У нас не ковидная лечебница, мы не имеем права – всех выписываем
В общем, так я и сделала. Приехала домой после обеда в четверг, 16 октября. В тот день не дозвонилась до поликлиники, потому что заявки на вызов врача принимаются только до 10 утра, а потом только скорую можно вызвать. Но у меня тогда еще не было никаких симптомов. На следующий день утром я вызвала врача. И уже в пятницу у меня повысилась температура до 38 и появилась какая-то странная сыпь, похожая на крапивницу. В пятницу врач не пришел, в субботу и воскресенье мы с мужем особо его и не ждали. В понедельник я позвонила знакомой в Санэпидемстанцию и спросила, почему ко мне до сих пор не пришли. Она говорит: "Надо, чтобы врачи дождались на вас распоряжения из Роспотребнадзора: только тогда они смогут прийти". Она нашла распоряжения на нас с мужем и скинула мне их по ватсапу. Мы ждали, пока их обнаружат в поликлинике.
Во вторник я повторно вызвала врача, сказала, что у меня держится температура 38,5. А мне из-за рассеянного склероза нельзя находиться с температурой, может начаться обострение. И только в среду около шести вечера прибежала врач в тоненькой масочке. "Вы, – говорит, у меня сегодня 25-я с коронавирусом". Она меня посмотрела, увидела сыпь, прописала лекарство от аллергии. А проблема в том, что мне нельзя половину лекарств: например, все противовирусные, и она не знала, что мне выписывать, потому что обычное лечение мне не особо подходило. Она позвонила, проконсультировалась с кем-то по телефону и выписала мне один антибиотик, азитромицин.
– Получается, что вы практически неделю провели дома, не получая никакого лечения?
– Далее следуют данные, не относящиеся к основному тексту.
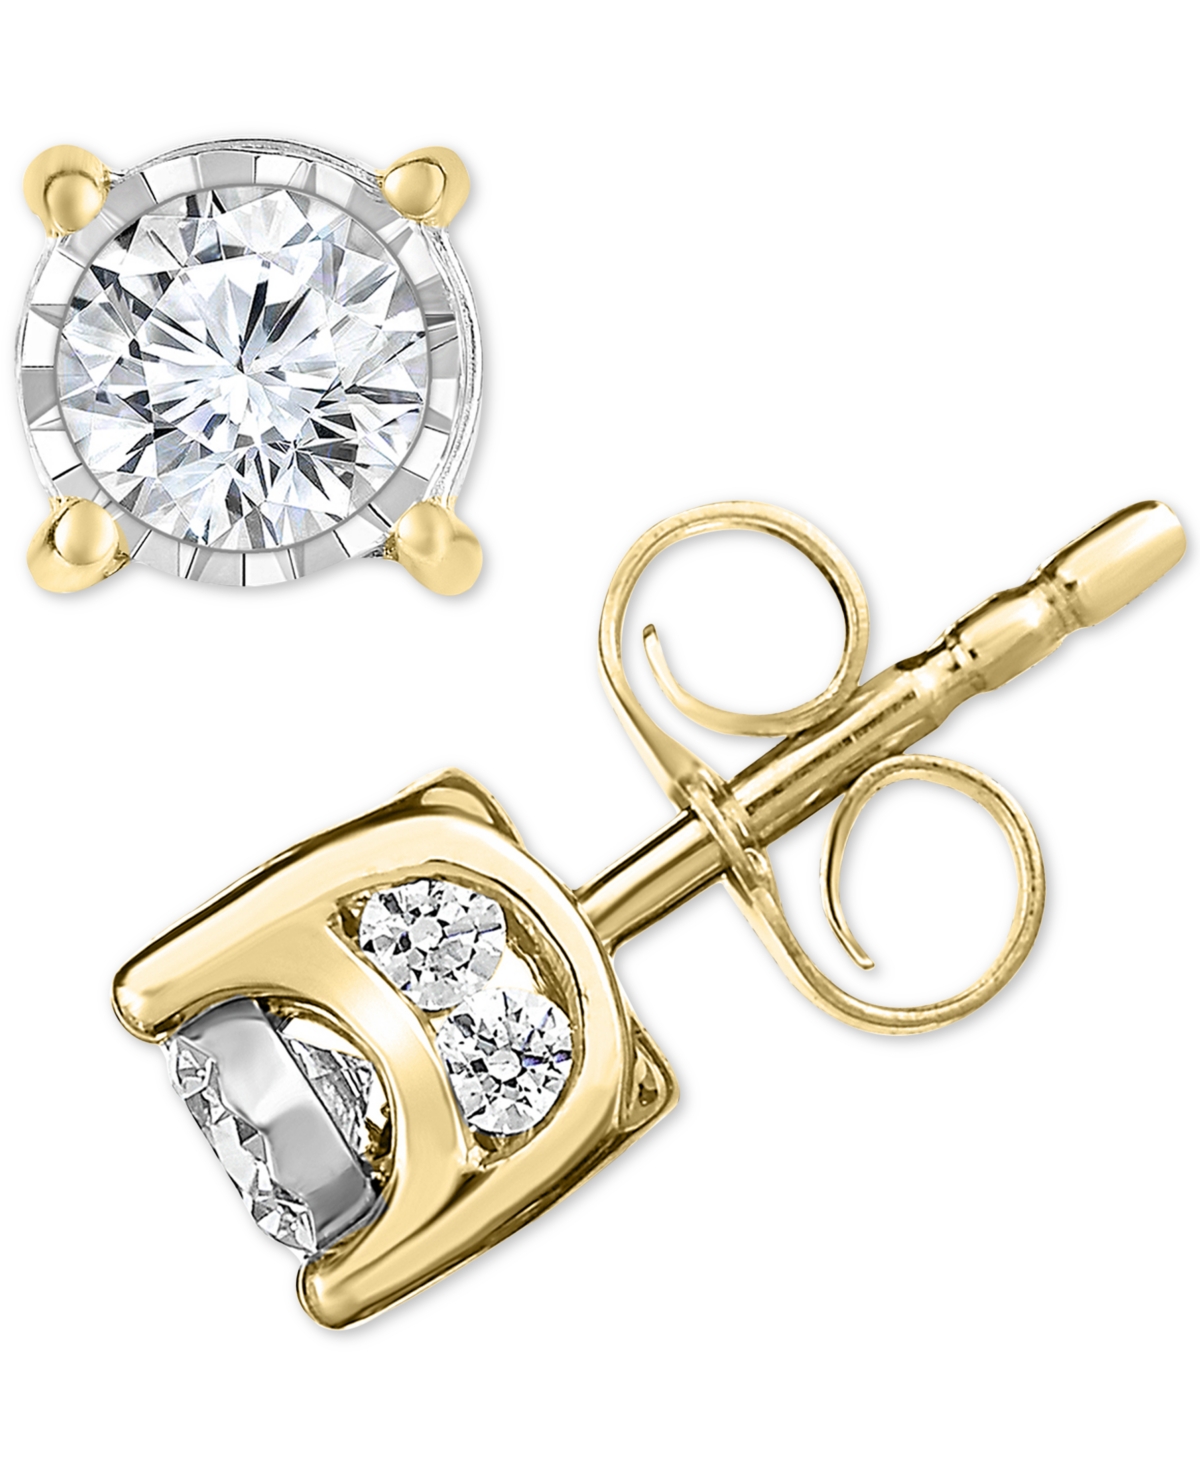 Diamond Stud Earrings (1/2 ct. t.w.) in 14k Gold - Rose Gold

У меня уже заканчивался курс антибиотиков, но легче не становилось
– Да. Но самое интересное было с моим мужем. Я-то безработная, а ему ведь больничный надо, он же контактный! Врач говорит: "На него нет распоряжения. Ждите". В пятницу прибежала совсем молоденькая девочка сделать мне второй мазок. А про мужа опять ничего не слышно. Слава богу, что он, только узнав, что меня выписывают из больницы с ковидом, сразу взял отпуск. В понедельник я так и не дозвонилась до поликлиники, но оттуда позвонили где-то часов в 11 и сказали: "Дарья Александровна, а вы не могли бы подойти в поликлинику, чтобы сдать мазок? Идти к вам некому, все на больничном, а вам обязательно надо его сдать сегодня". Я говорю: "Я с ковидом. У меня температура. Но если вас это не смущает, я приду". Мы с мужем надели маски и пошли. Я попросила взять мазок у мужа тоже: у него, говорю, десятый день контакта со мной, а у контактных должны брать тест с восьмого по десятый день. Они отвечают: "У нас нет на него распоряжения". Тогда я им показываю в телефоне распоряжение Роспотребнадзора. Они его записали, чтобы ему открыли больничный, и взяли у него тест. А у меня уже заканчивался курс антибиотиков, но легче не становилось.
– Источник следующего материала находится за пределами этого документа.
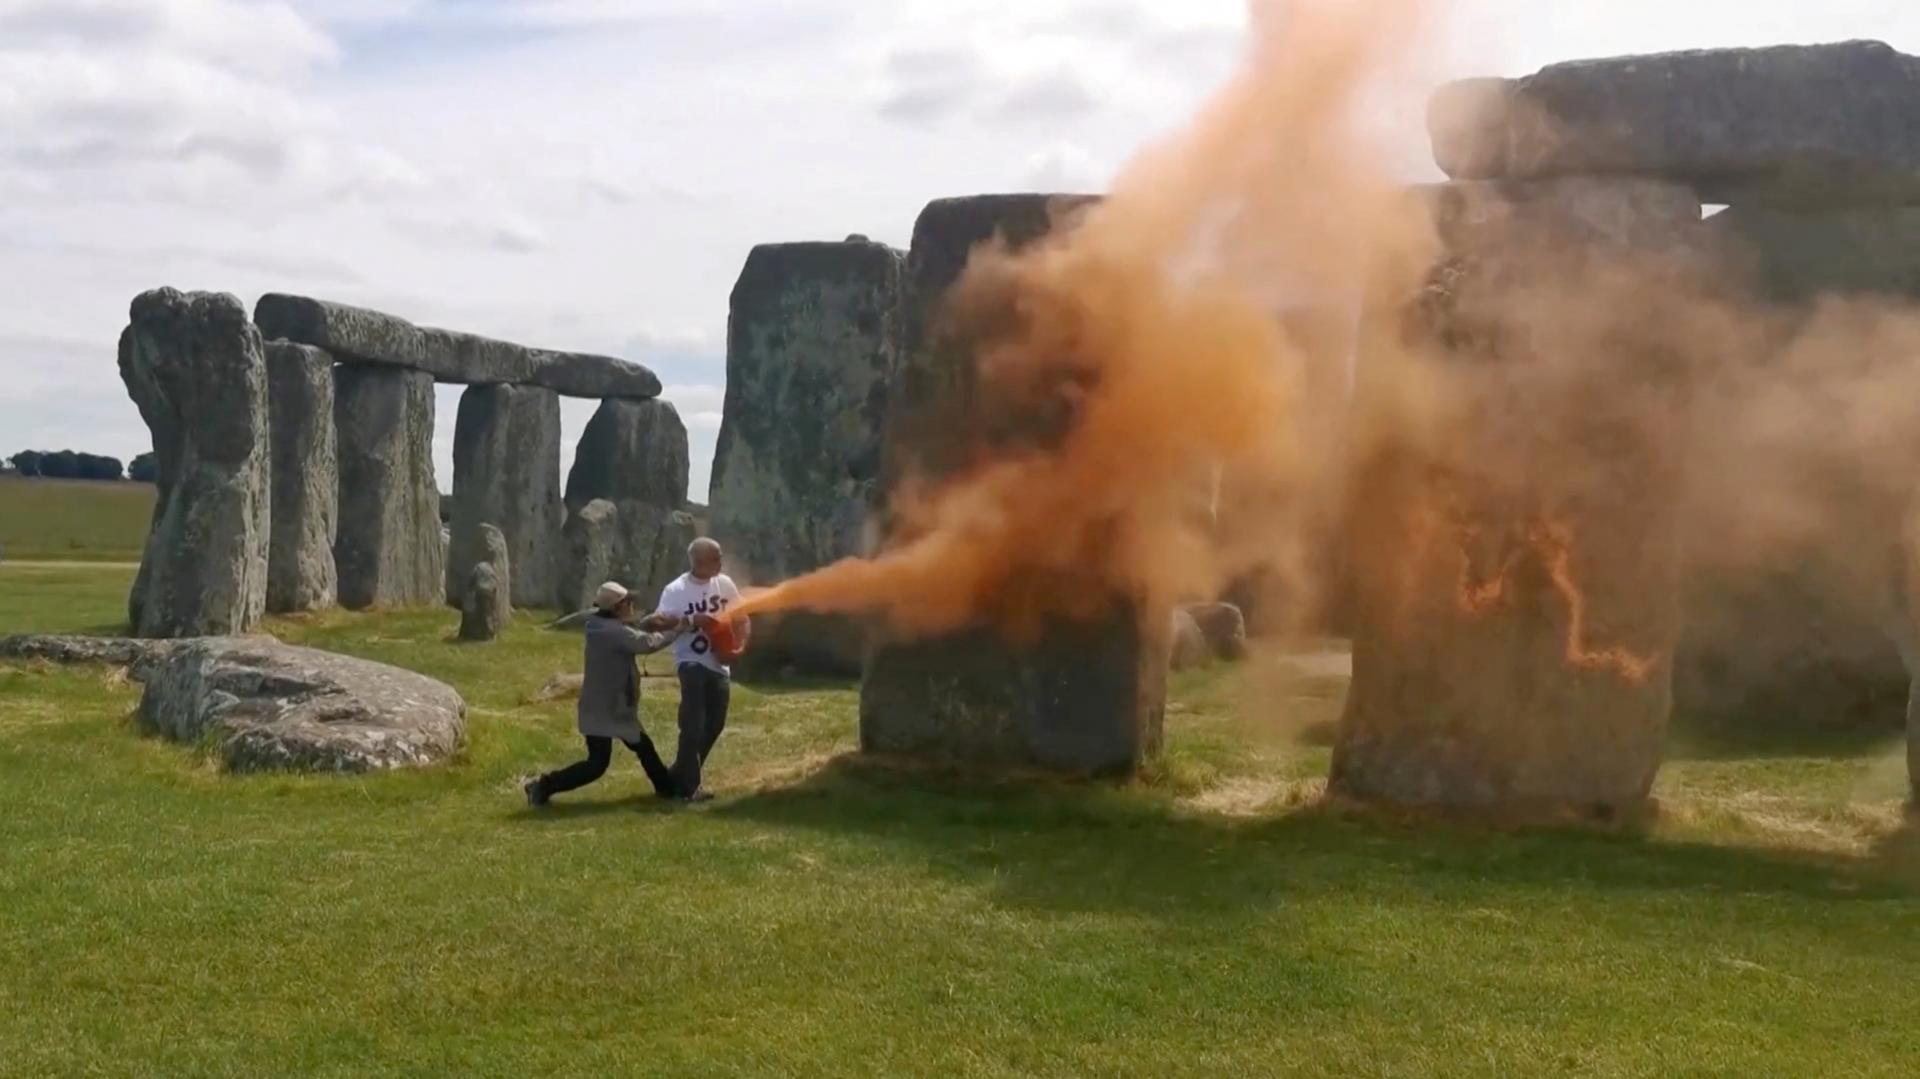 Aktivisti posprejovali prehistorickú pamiatku Stonehenge, polícia ich zatkla

В среду перезвонили из поликлиники: "Придите, пожалуйста, еще раз, мы снова сделаем тест, потому что из Роспотребнадзора пришла отписка, что тест не сделан по причине отсутствия материала". Оказалось, что понедельничный тест, который мы сдавали, у мужа отрицательный, а мой потерялся, пятничный же еще не готов. Я снова побежала в поликлинику, отсидела около часа в очереди. Передо мной было 13 человек, и, как я поняла, там у половины был ковид: кто ждал результаты тестов, кто собирался сдать анализ, а кто – закрыть больничный. Потом у меня взяли мазок – получается, уже четвертый. И за все это время мы ни разу не дозвонились до поликлиники, это нереально – там все время занято. Мы звонили и в Минздрав Свердловской области: там автоответчик, который предлагает оставить номер телефона, и они перезвонят. Но почему-то не перезванивают.
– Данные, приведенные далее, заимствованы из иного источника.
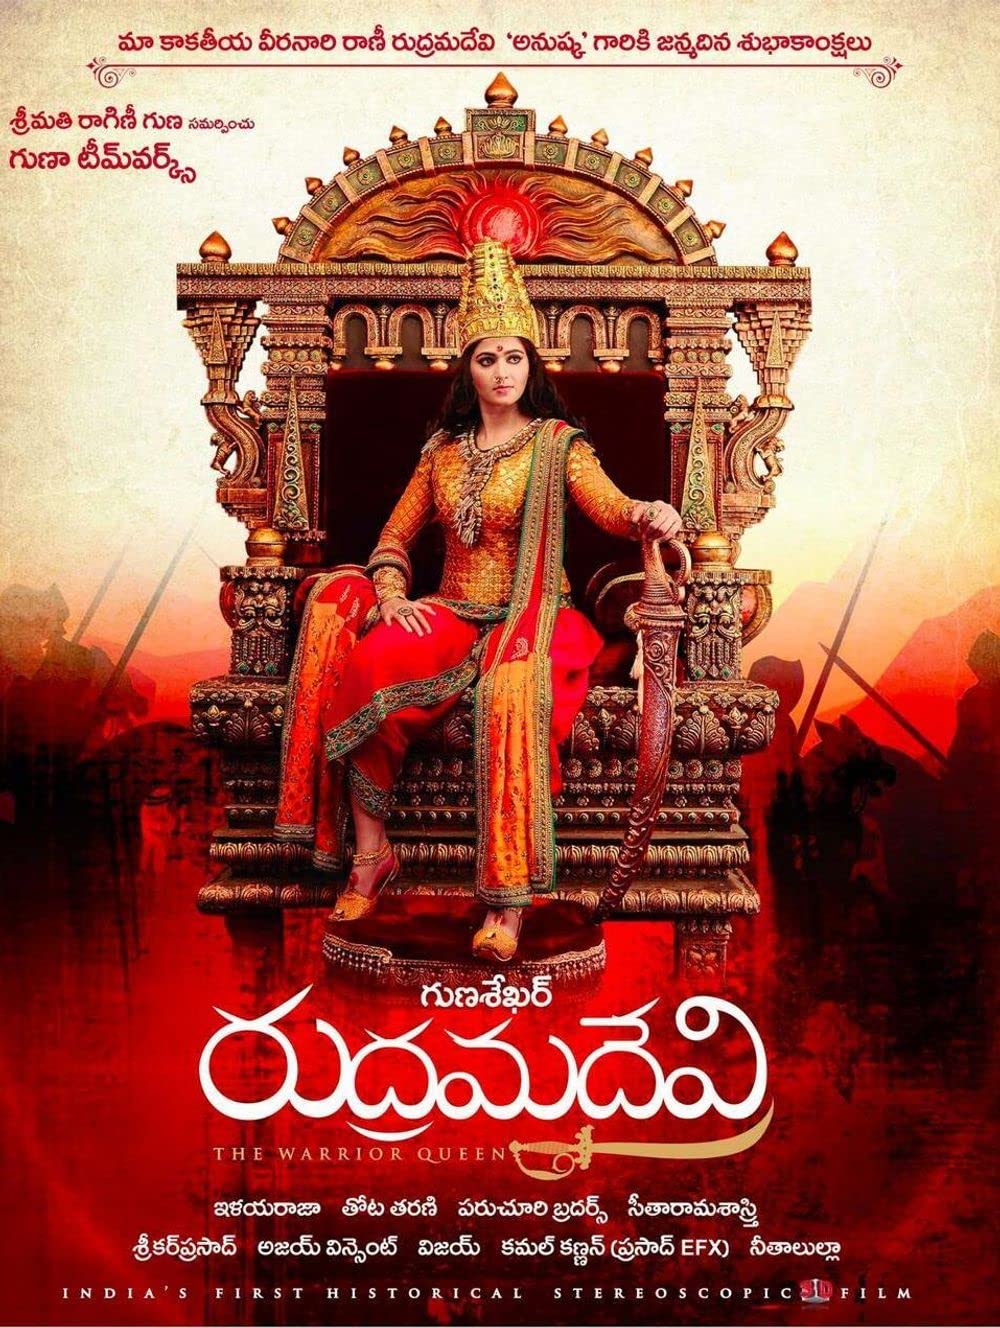 Rudramadevi is a Telugu movie

– Когда вы окончательно поправились?
– В понедельник у меня уже не было никаких симптомов. А в пятницу мужу позвонили: "У вас отрицательный тест, мы вас выписываем". Он говорит: "Так жене сделали несколько тестов, но у нее пока на руках ни одного результата, кроме самого первого. Может быть, у нее положительный, а вы меня уже выписываете". – "Ну, а что мы можем сделать?" Я пошла в поликлинику, пыталась узнать результаты тестов, но в кабинете их не нашли, надо было идти к старшей медсестре. Она работает с часа дня, а было около 10, и возле ее кабинета уже собралась очередь. Я досидела почти до часа, они начали искать мои бумажки, не нашли, сами позвонили в Роспотребнадзор, и там сказали, что тесты у меня отрицательные. Не знаю, когда бы это обнаружилось, если бы я сама не пришла и не стала выяснять! – говорит Дарья Палецких.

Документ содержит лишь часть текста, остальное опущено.